Abstract:The ability of deep image prior (DIP) to recover high-quality images from incomplete or corrupted measurements has made it popular in inverse problems in image restoration and medical imaging including magnetic resonance imaging (MRI). However, conventional DIP suffers from severe overfitting and spectral bias effects. In this work, we first provide an analysis of how DIP recovers information from undersampled imaging measurements by analyzing the training dynamics of the underlying networks in the kernel regime for different architectures. This study sheds light on important underlying properties for DIP-based recovery. Current research suggests that incorporating a reference image as network input can enhance DIP's performance in image reconstruction compared to using random inputs.
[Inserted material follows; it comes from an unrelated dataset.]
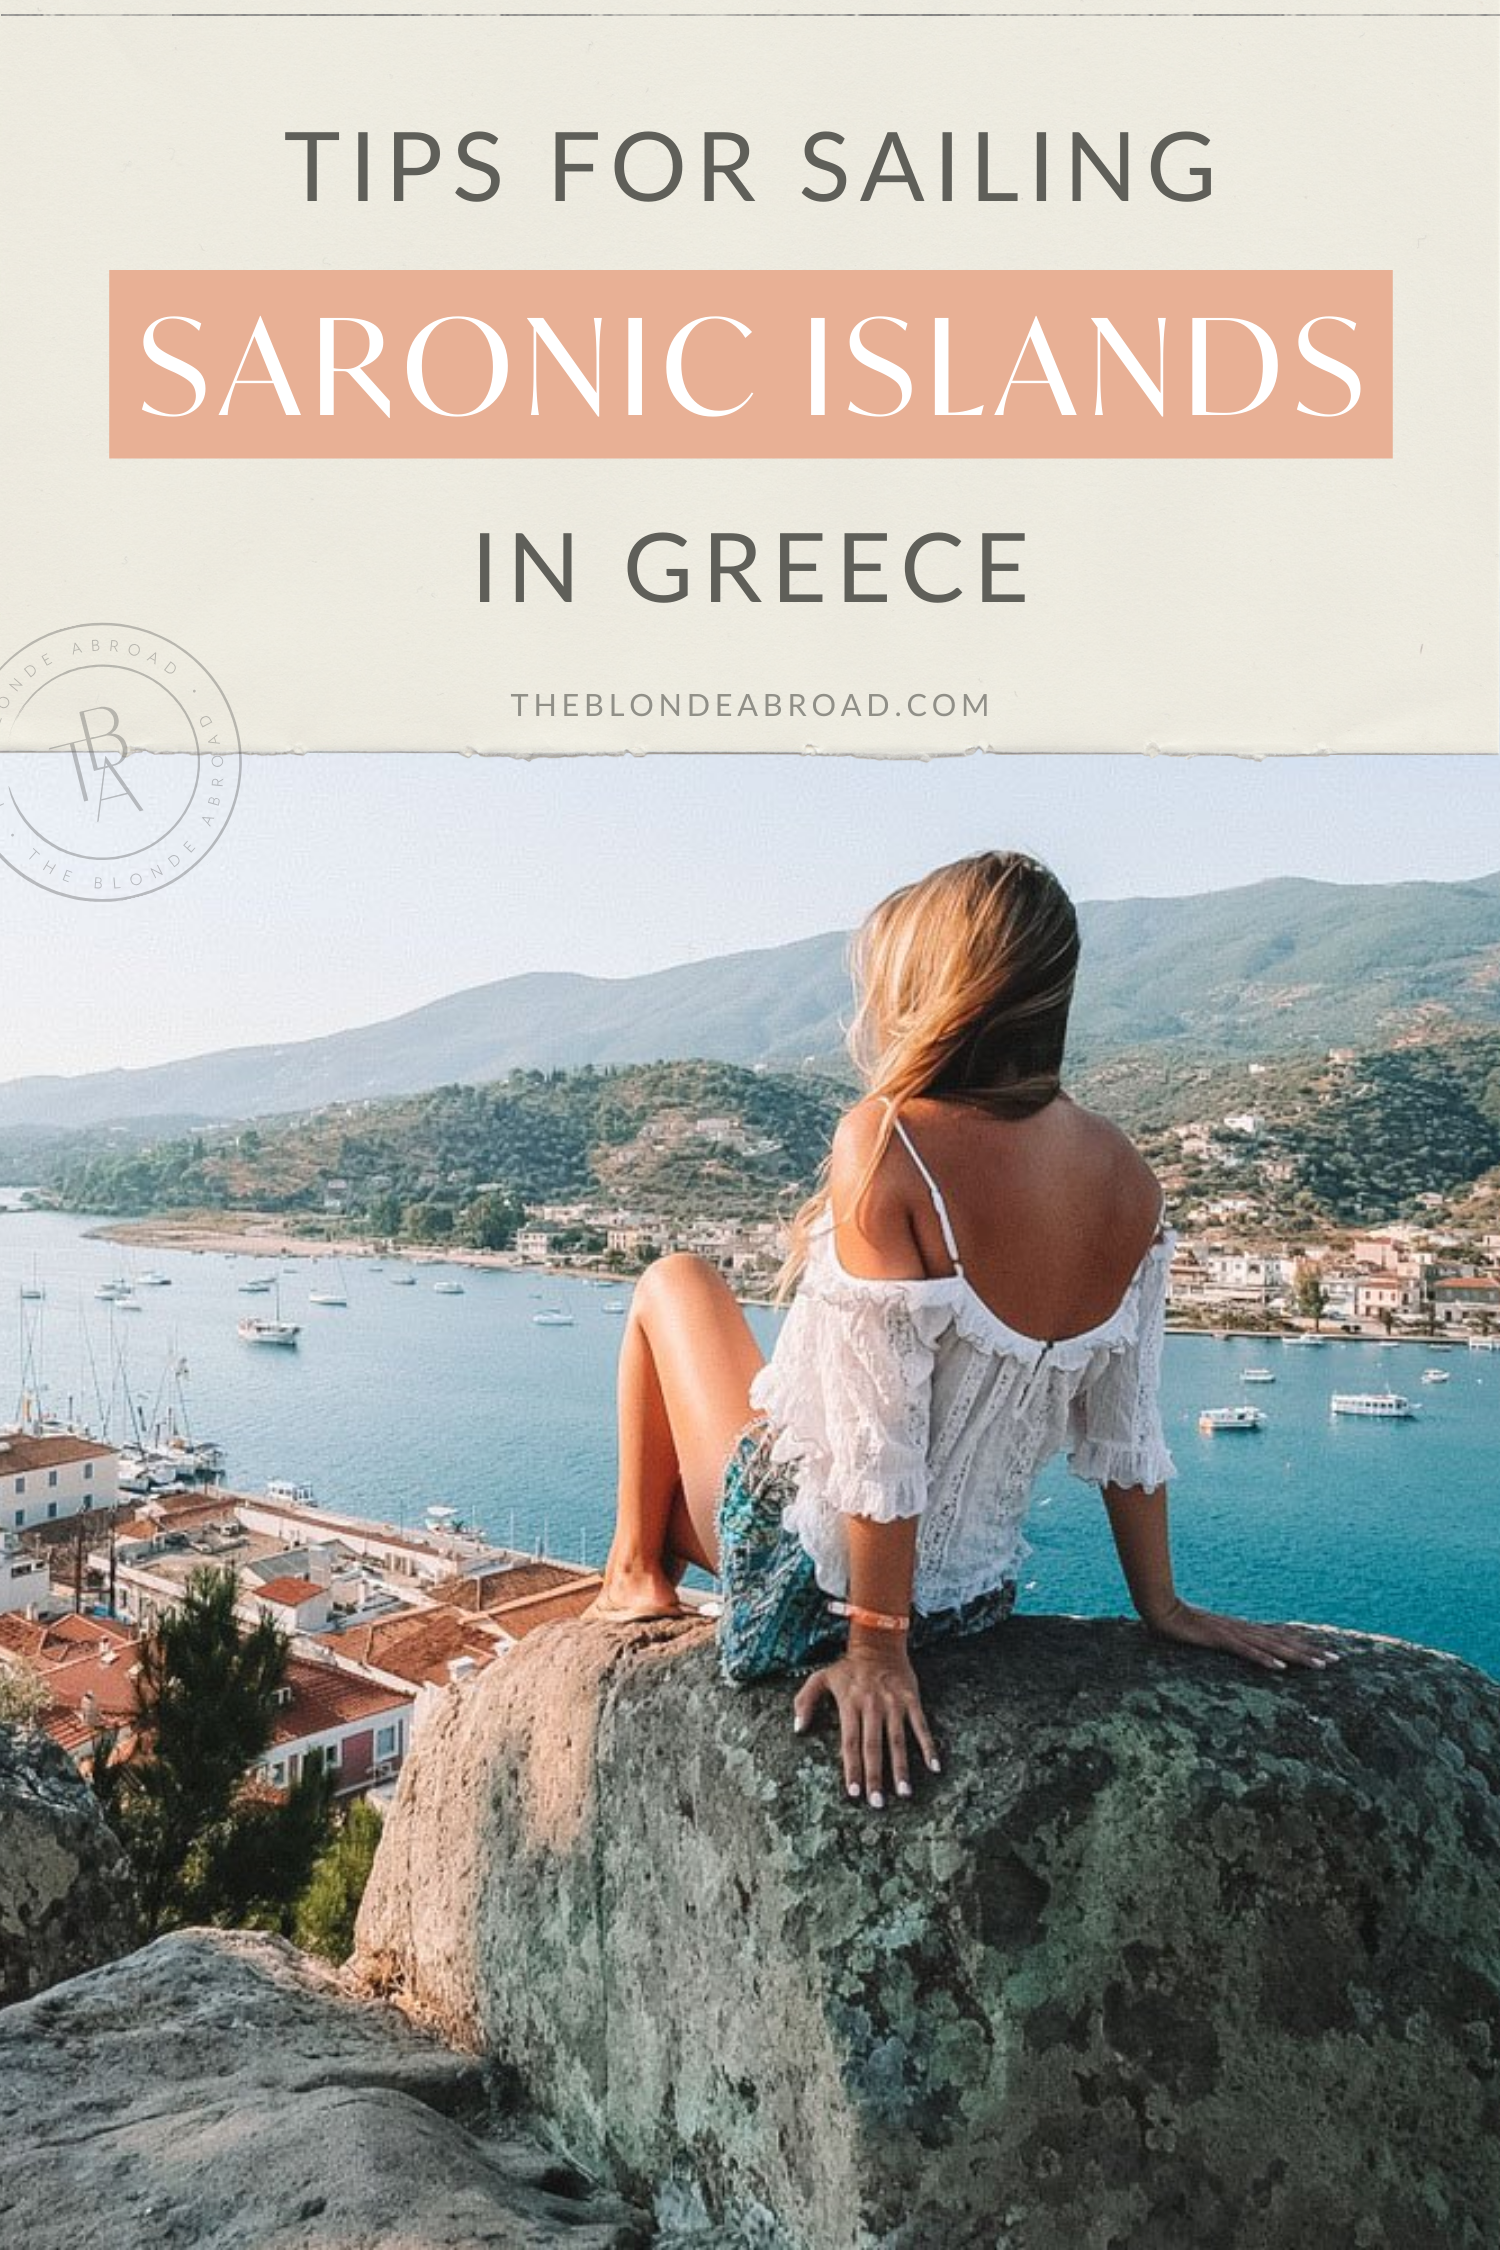 Tips for Sailing the Saronic Islands in Greece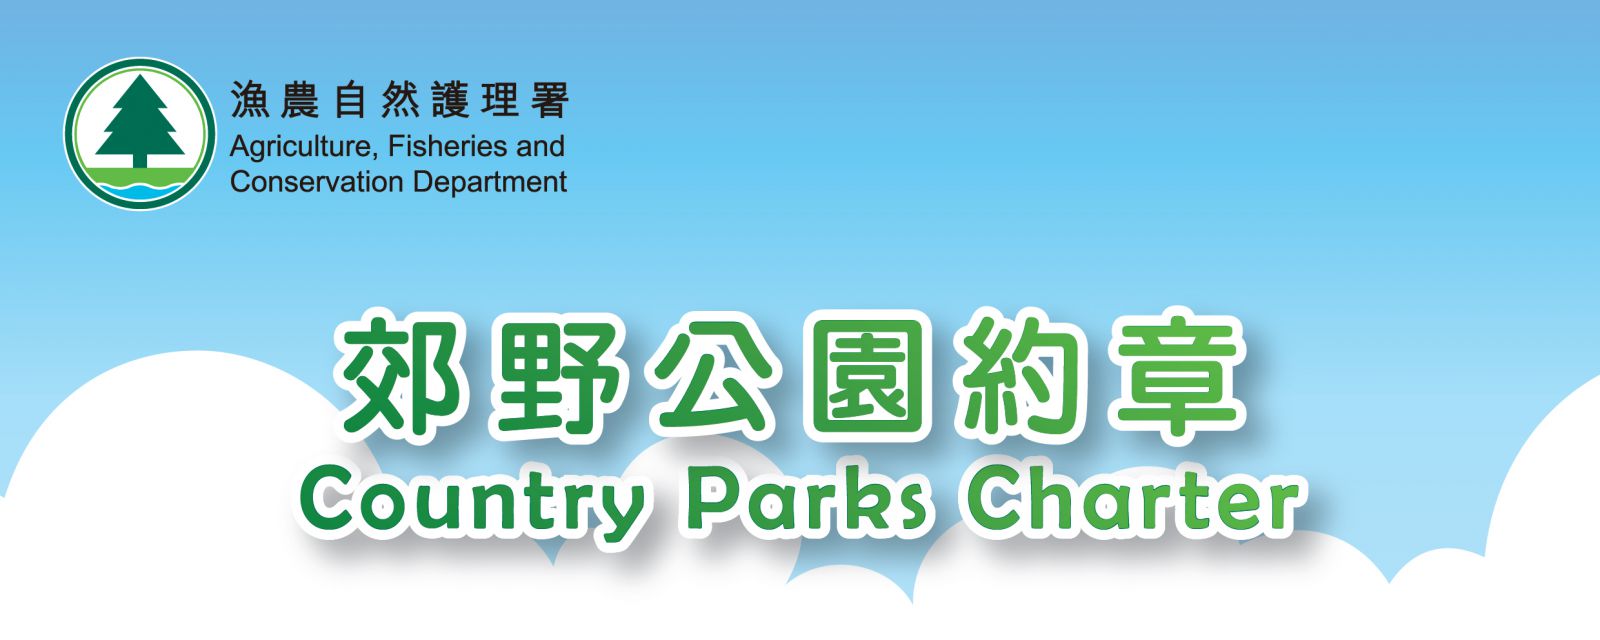 Country Parks Charter

However, obtaining suitable reference images requires supervision, and raises practical difficulties. In an attempt to overcome this obstacle, we further introduce a self-driven reconstruction process that concurrently optimizes both the network weights and the input while eliminating the need for training data. Our method incorporates a novel denoiser regularization term which enables robust and stable joint estimation of both the network input and reconstructed image. We demonstrate that our self-guided method surpasses both the original DIP and modern supervised methods in terms of MR image reconstruction performance and outperforms previous DIP-based schemes for image inpainting.